Discovery of soft and hard X-ray time lags in low-mass AGNs

L. Mallick, D. R. Wilkins, W. N. Alston, A. Markowitz, B. De Marco, M. L. Parker, A. M. Lohfink and C. S. Stalin, 2021, MNRAS 503, 3775

The scaling relations between the black hole (BH) mass and soft lag properties for both active galactic nuclei (AGNs) and BH X-ray binaries (BHXRBs) suggest the same underlying physical mechanism at work in accreting BH systems spanning a broad range of mass. However, the low-mass end of AGNs has never been explored in detail. In this work, we extend the existing scaling relations to lower mass AGNs, which serve as anchors between the normal-mass AGNs and BHXRBs.

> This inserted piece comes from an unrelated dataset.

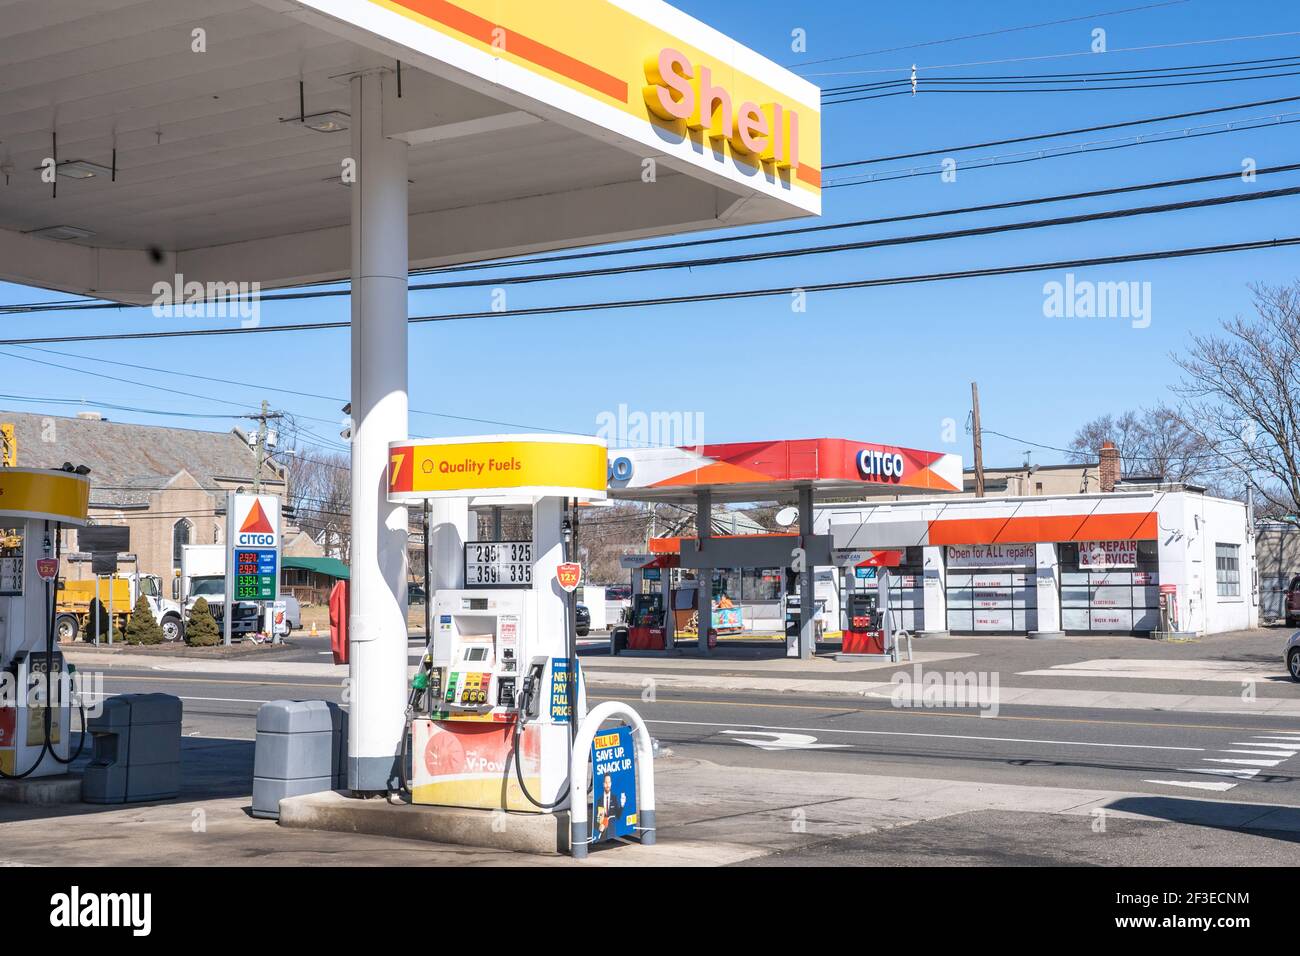 A view of Shell and Citgo gas stations in Norwalk, Connecticut.Oil and gasoline prices were rebounding after last year's collapse in fuel demand and prices. According to the AAA motor club gas prices have risen about 35 cents a gallon on average over the last month and could reach $4 a gallon in some states by summer. Stock Photo

For this purpose, we construct a sample of low-mass AGNs (MBH<3×106M⊙) from the XMM-Newton archive and measure frequency-resolved time-delays between the soft (0.3-1 keV) and hard (1-4 keV) X-ray emissions. We report that the soft band lags behind the hard band emission at high frequencies ∼[1.3-2.6] × 10-3 Hz, which is interpreted as a sign of reverberation from the inner accretion disc in response to the direct coronal emission. At low frequencies (∼[3-8] × 10-4 Hz), the hard-band lags behind the soft-band variations, which we explain in the context of the inward propagation of luminosity fluctuations through the corona. Assuming a lamppost geometry for the corona, we find that the X-ray source of the sample extends at an average height and radius of ∼10rg and ∼6rg, respectively. Our results confirm that the scaling relations between the BH mass and soft lag amplitude/frequency derived for higher mass AGNs can safely extrapolate to lower mass AGNs, and the accretion process is indeed independent of the BH mass.